ASSISTANT NATIONAL LEGISLATIVE DIRECTOR

OF THE

DISABLED AMERICAN VETERANS

BEFORE THE

COMMITTEE ON ARMED SERVICES

SUBCOMMITTEE ON MILITARY PERSONNEL

AND THE

COMMITTEE ON VETERANS’ AFFAIRS

SUBCOMMITTEE ON HEALTH

UNITED STATES HOUSE OF REPRESENTATIVES

MARCH 7, 2002

 

Messrs. Chairmen and Members of the Subcommittees:

I am pleased to have the opportunity to present the views of the Disabled American Veterans (DAV) on health care sharing by the Department of Defense (DoD) and the Department of Veterans Affairs (VA). As an organization of more than one million service-connected disabled veterans, the DAV is especially concerned about maintaining an effective VA health care system to meet the unique medical care needs of our Nation’s veterans.

The preservation of the integrity of the VA health care system as a separate entity is of utmost importance to the DAV and our members. Our Nation’s disabled veterans deserve a system solely dedicated to addressing their health care needs. The quality of VA care is equivalent to, or better than, care in any private or public health care system. VA is well known for it’s specialized services¾ in prosthetics, blind rehabilitation, spinal cord injury care, traumatic brain injury, and post traumatic stress disorder.

We are pleased the Subcommittees are interested in improving coordination between DoD and VA to improve access for beneficiaries of both systems. DAV continues to support the sensible expansion of VA/DoD sharing agreements. We agree that DoD and VA must commit their respective departments to exploring new avenues for significantly improving health resources sharing and to building organizational cultures supportive of health resources sharing. We do not, however, believe that ongoing joint activities demonstrate that sharing should be extended to include a unified budget and management system.
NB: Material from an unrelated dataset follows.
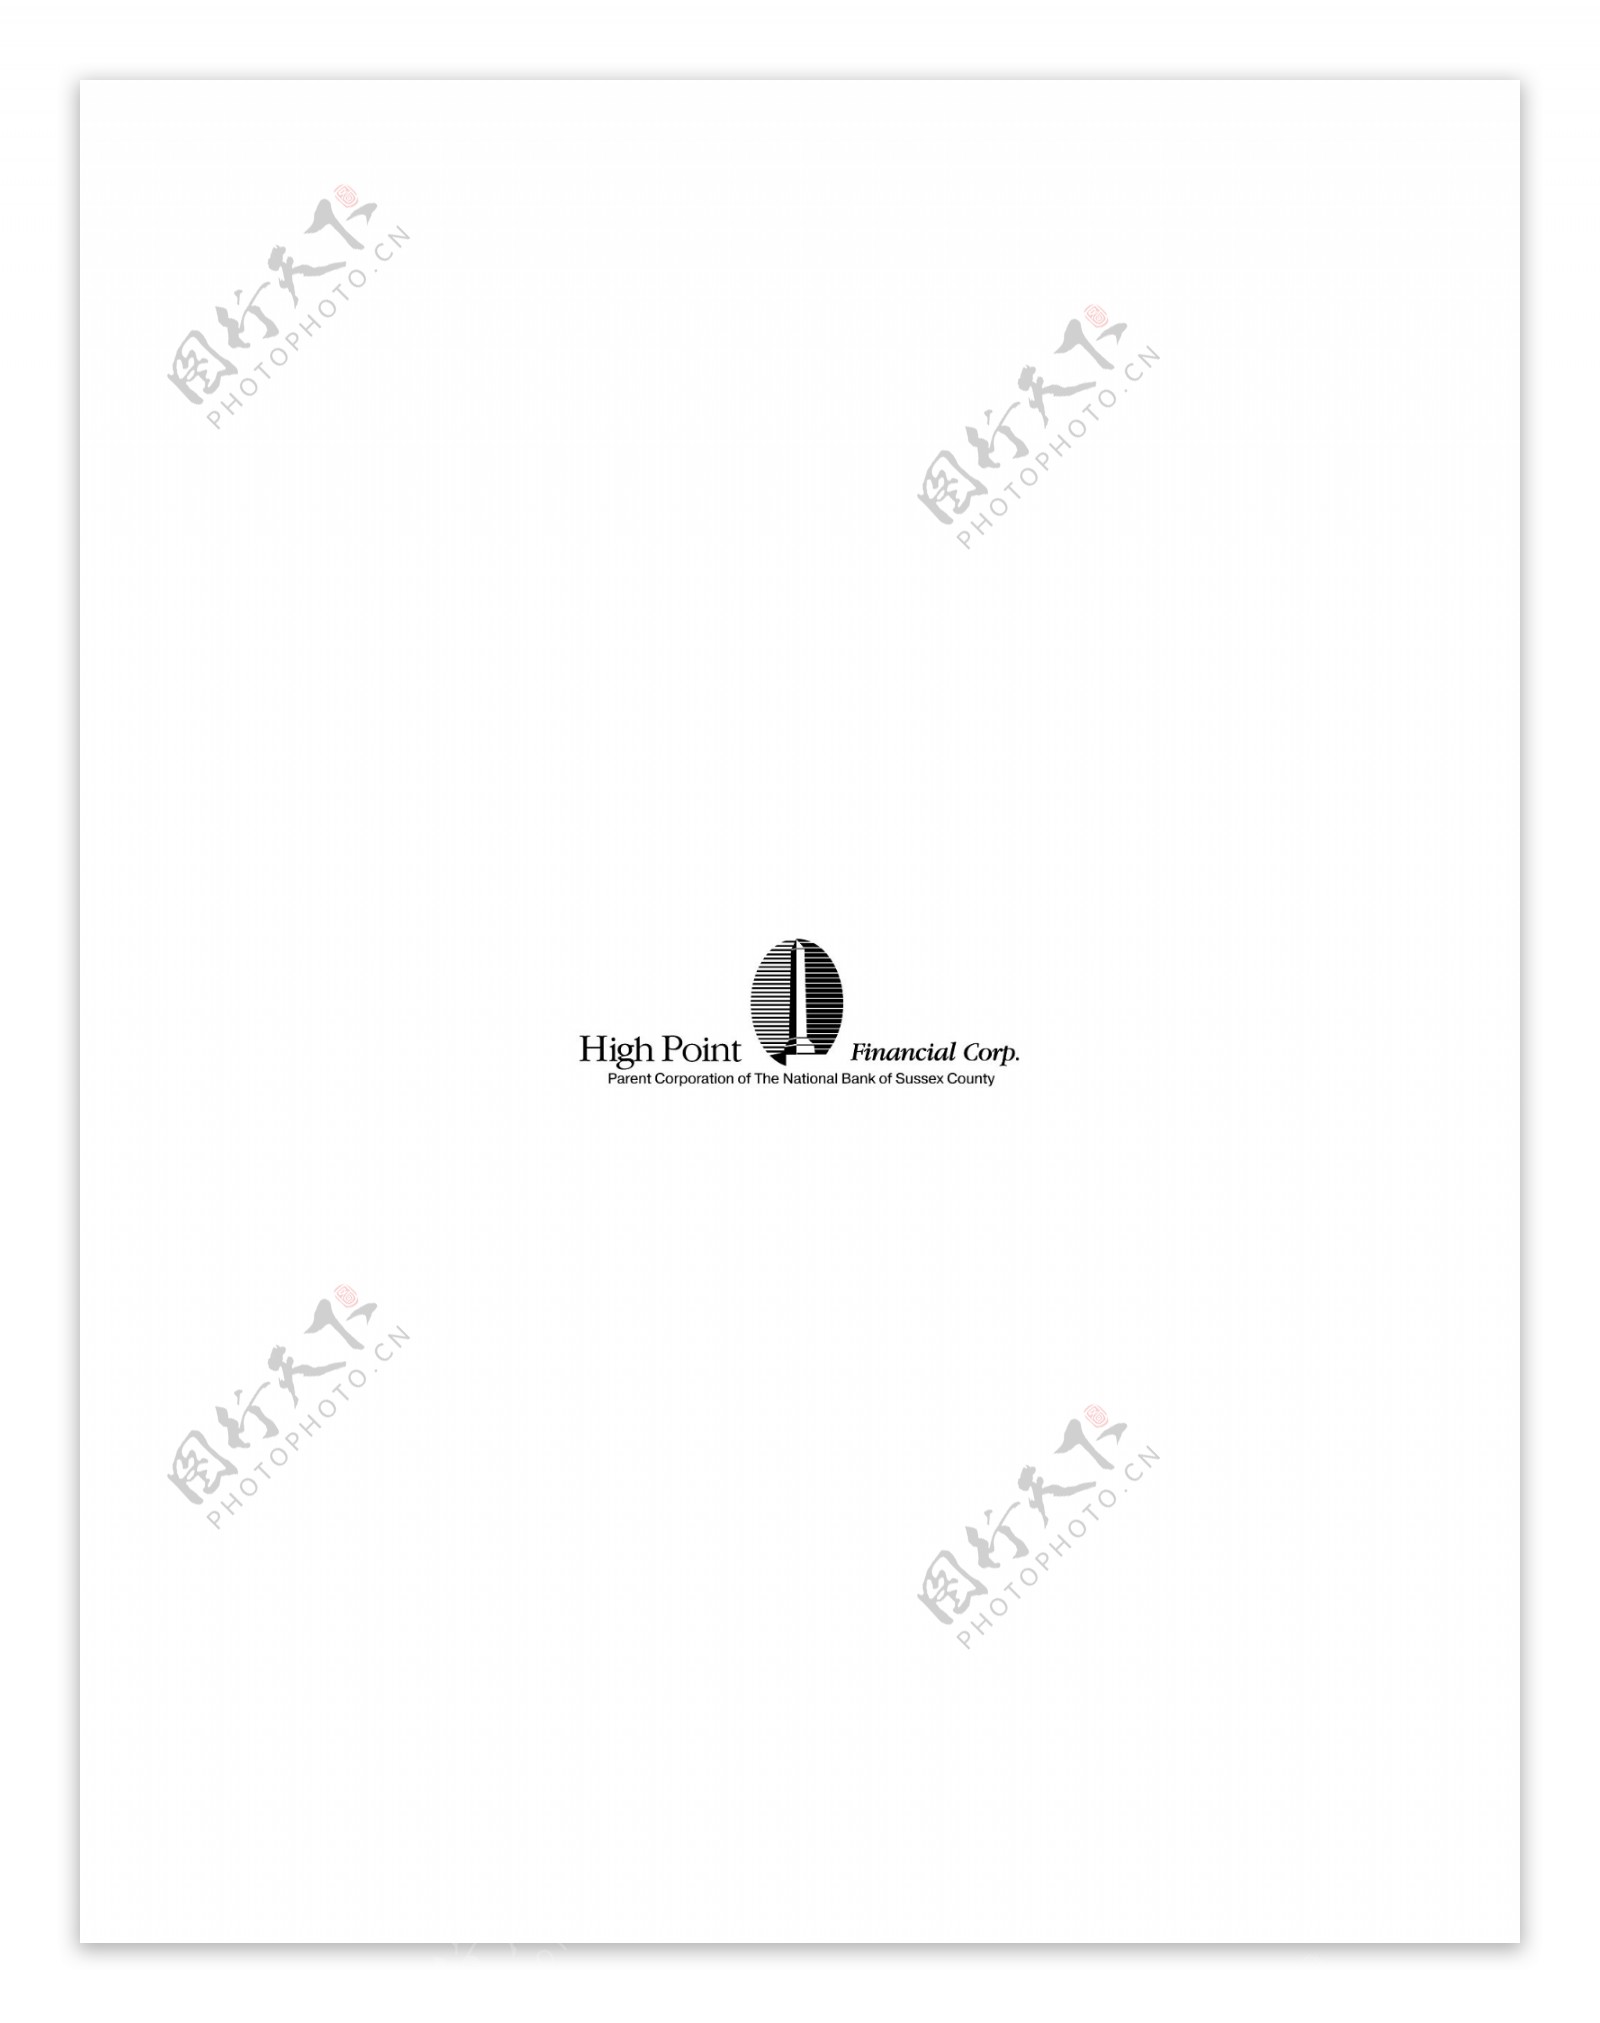 HighPointlogo设计欣赏IT企业标志HighPoint下载标志设计欣赏
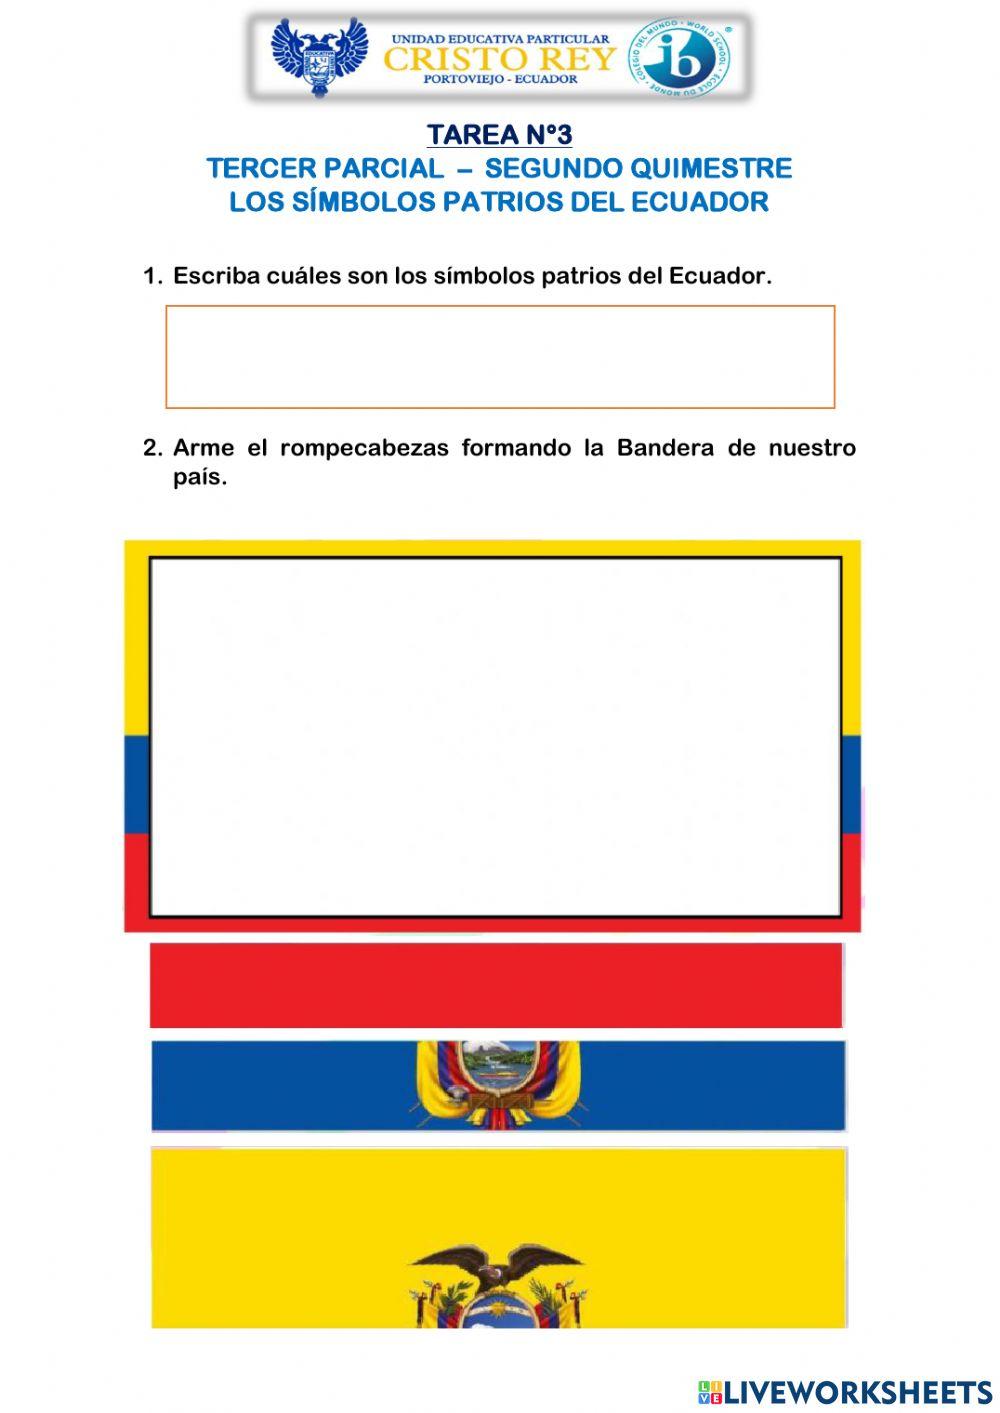 Los símbolos patrios del Ecuador

Complementary business systems can enhance services to beneficiaries of both systems, but this does not imply integration of the systems. The DAV is adamantly opposed to a merger of the two systems or any other proposal that would erode the integrity of the VA health care system as a separate entity. Veterans deserve a federal Department whose focus is solely upon providing them compassionate service earned through their special sacrifices on behalf of our Nation.

The DAV recognizes the advantages of VA/DoD sharing in the areas of purchasing pharmaceuticals, medical equipment, supplies, and certain support services as well as the need for improved information exchange between the two systems. We do not, however, believe that there are any savings to be gained by forcing patients to choose one system or the other, as recently proposed by the Administration. Nor do we see any need for a national initiative to force increased cross-system patient care. Many local arrangements work to improve access and convenience of veterans and DoD beneficiaries.

The DAV believes that, where local situations favor sharing, it should be encouraged, but a mandatory national approach is likely to work to the detriment of beneficiaries.

The Subcommittee on Health of the House Veterans’ Affairs Committee expressed its disappointment with VA and DoD for taking little advantage of opportunities to engage in collaborative joint ventures despite the statutory authority to do so. We agree that both agencies could improve their efforts with respect to sharing in an attempt to use Federal resources most efficiently and effectively. However, we have serious concerns about proposed fully integrated demonstration projects that call for unified staff, budget, and management systems or a new unified hybrid Federal health care facility.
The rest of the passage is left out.